The timelines to get a drug that contains a novel excipient approved and commercialized are often longer than the timelines to get a new API approved.
Once the excipient industry realizes and validates a challenge that needs solving, such as poorly soluble drugs, the steps to get a solution ready for the pre-clinical or clinical stage are daunting. Manufacturers need to identify a solution that is both technically sound and commercially viable, define optimal synthesis routes, scale up the material to current Good Manufacturing Practices (cGMP) standards, conduct toxicology assessments and validate performance with selected customers.
Depending on the complexity of the solution, following these steps can take three to 10 years. Excipient producers also face a lengthy and expensive development time, taking 25 years or more to realize meaningful sales, which only compounds the total timeline and risk profile of a drug candidate.
A successful FDA novel excipient pilot program would evaluate the safety, toxicology, and quality of novel excipients intended for human drug products. The FDA anticipates that submissions to such a program would include the anticipated methods of administration and studies that support the safe consumption of novel excipients at anticipated levels, as well as information on duration or exposure. The pilot program would accelerate excipient innovation, and ultimately encourage development of new excipients to enable the next generation of drugs to reach patients.
As we work with all regulatory bodies involved to drive the future of novel excipients, it’s important to ensure that such a program addresses all types of new compounds in a manner that prevents redundant, repeat or non-clinical testing, and ultimately reduces animal testing.
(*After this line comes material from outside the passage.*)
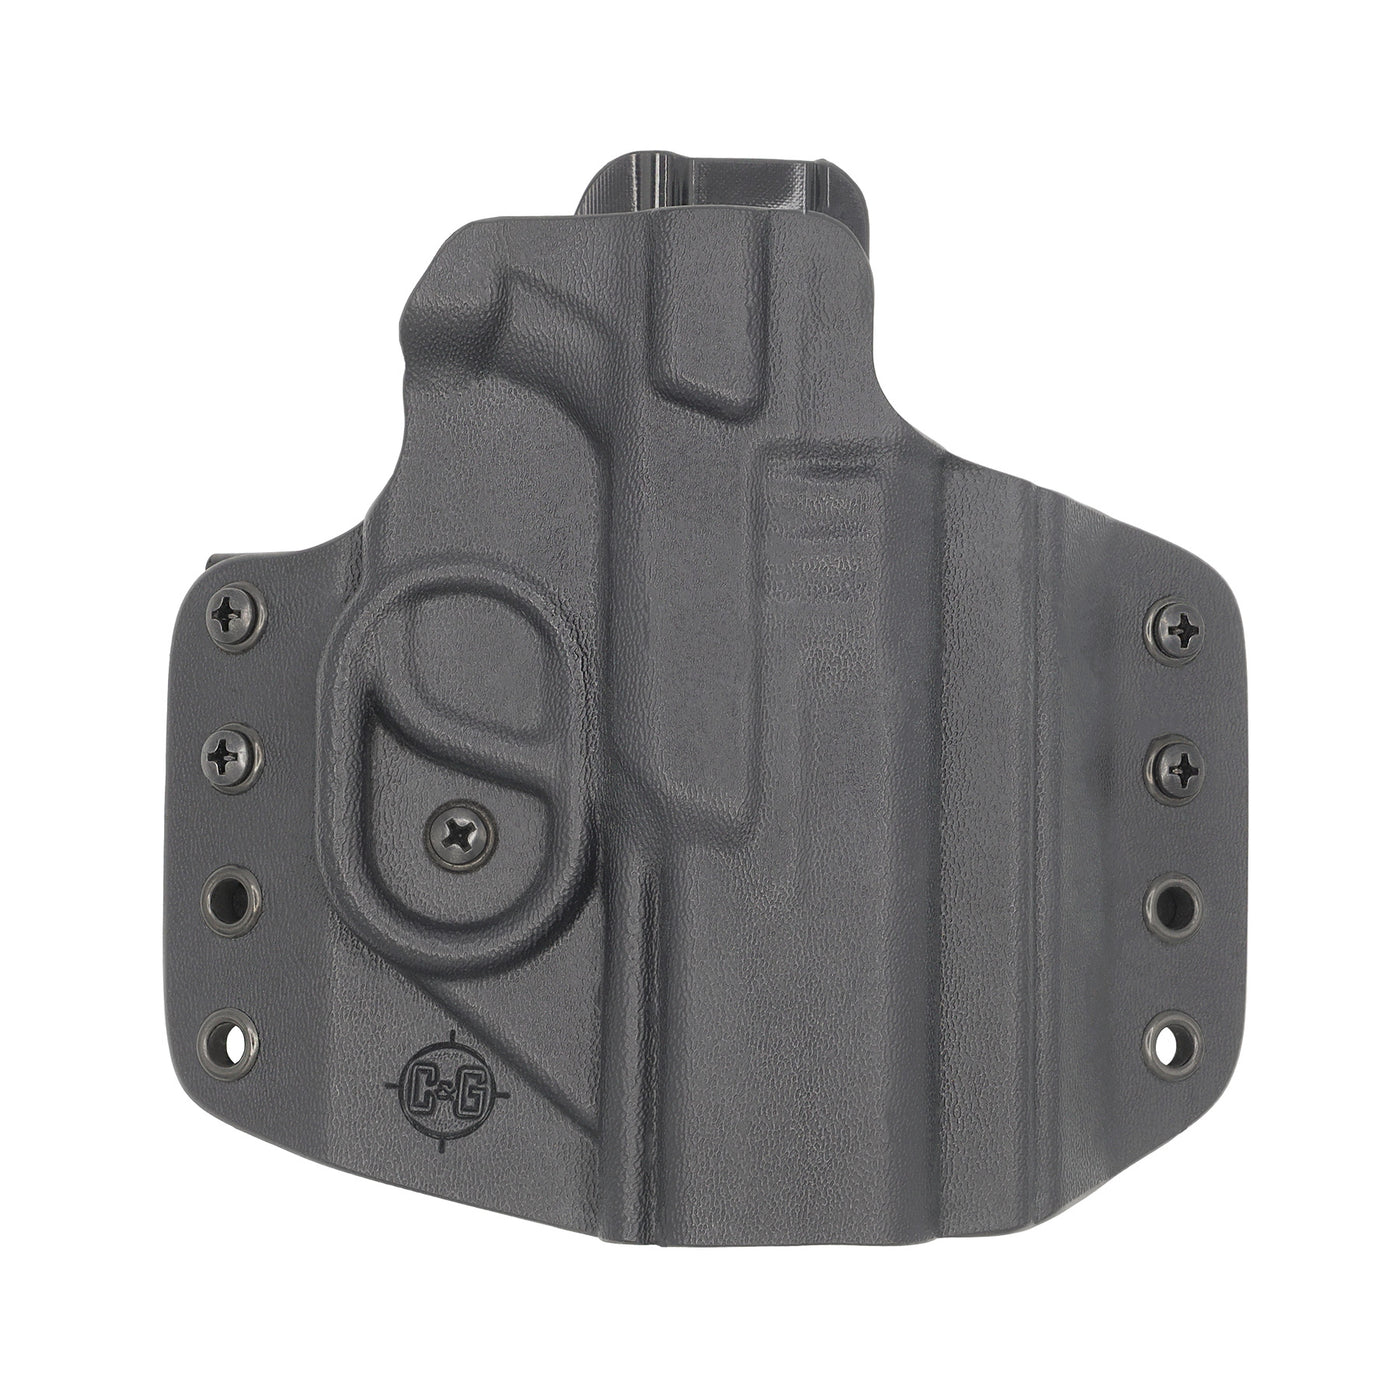 C&G Holsters quickship OWB Covert S&W M&P 10mm 4"
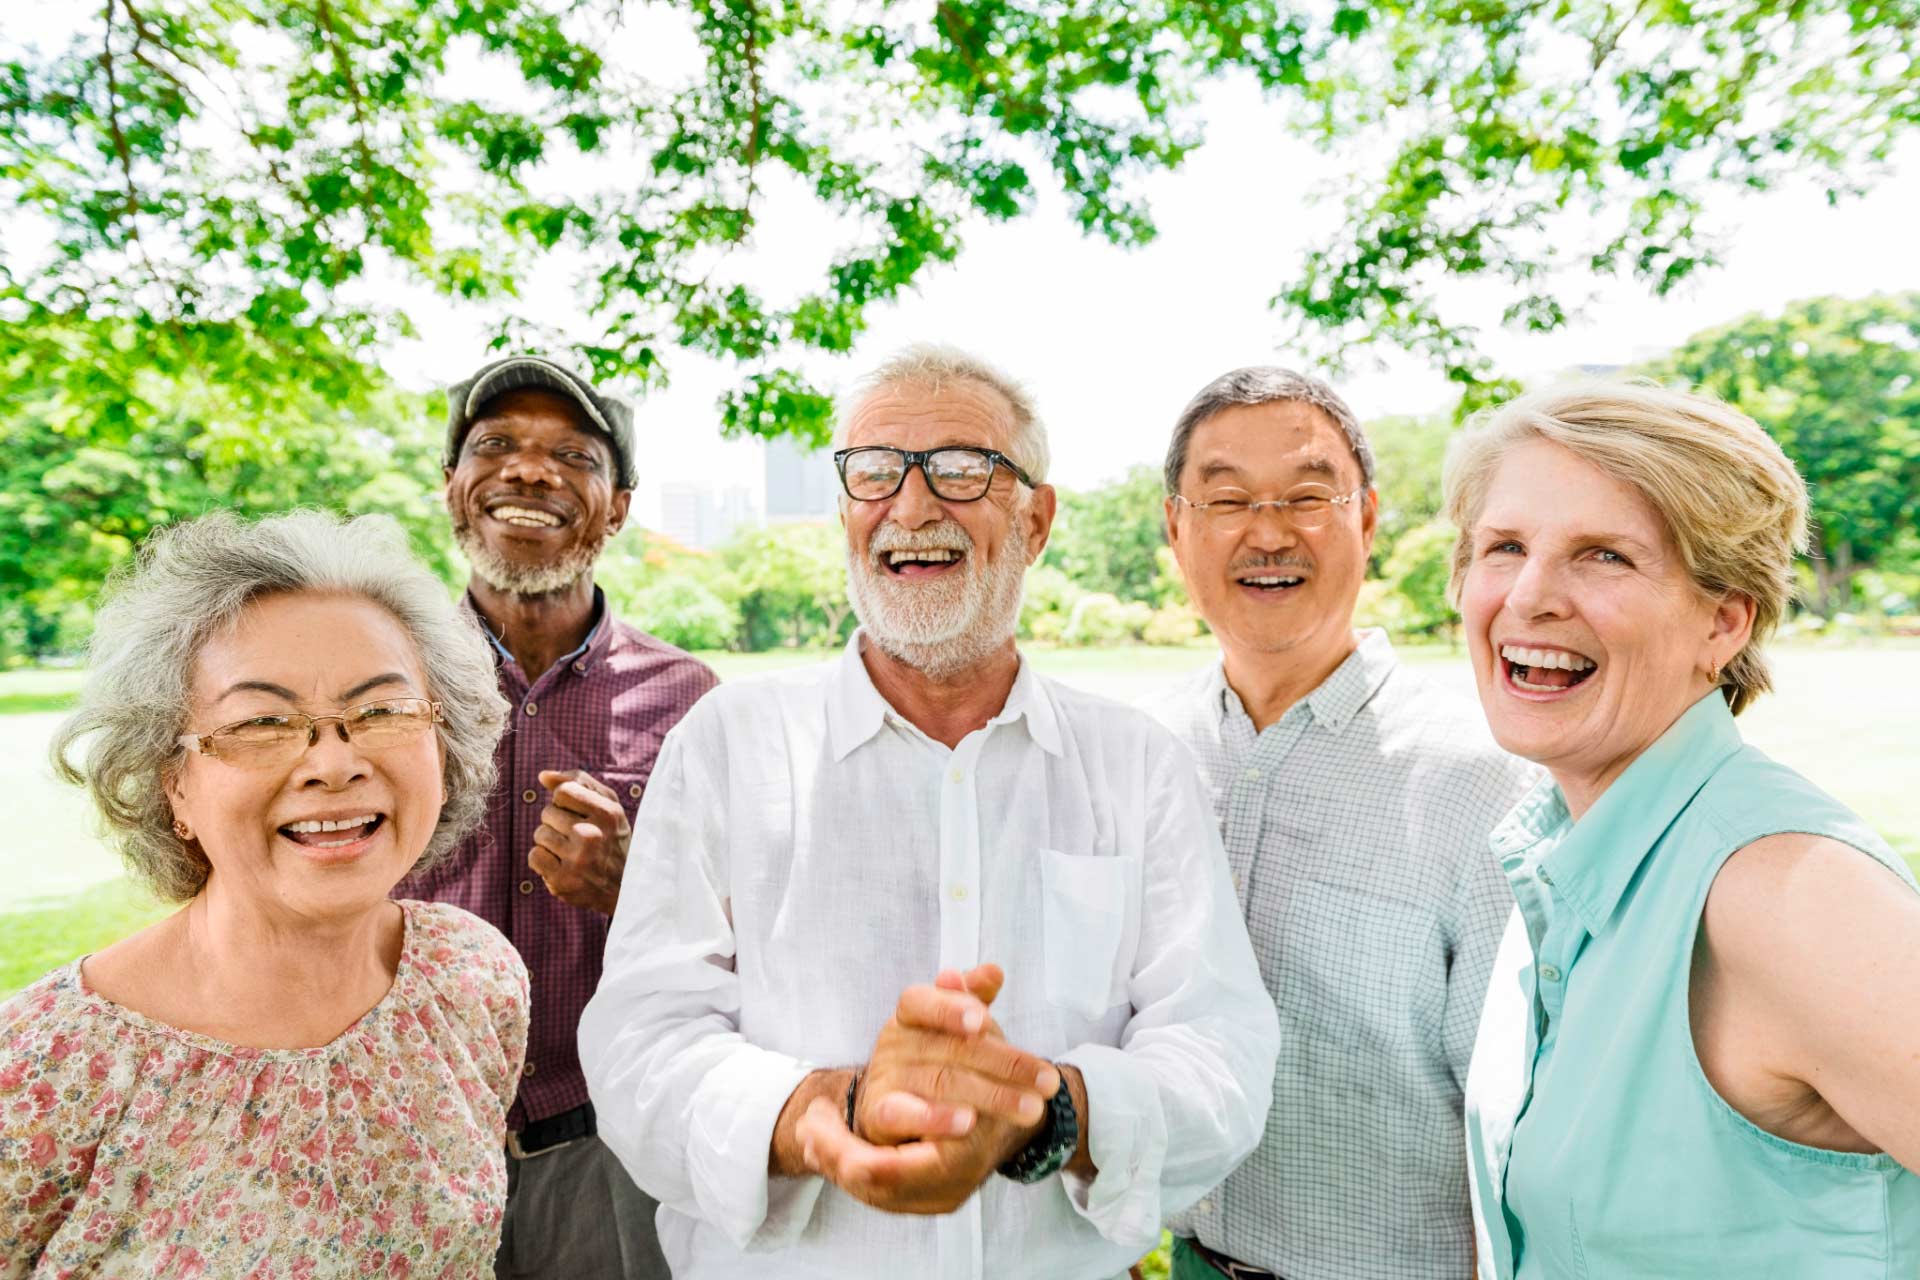 Five diverse older adults at a park on sunny day, smiling and socializing.

The program should also promote public health benefits, and a more consistent approach from FDA reviewers should be implemented — for example, if an excipient is already safely used in food, the FDA should take that into consideration when reviewing novel excipients.
The desire for all participants along the pharma supply chain to drive innovation will always be a part of the industry. If an agreement can be reached that excipients should be advanced to the same degree — and within the same timeframe — as APIs and finished drug products, it could usher in an era of new therapies, increased functionality, and broader portfolios. It’s an unprecedented opportunity to elevate and improve an entire industry, and we look forward to the day when such a goal can be achieved.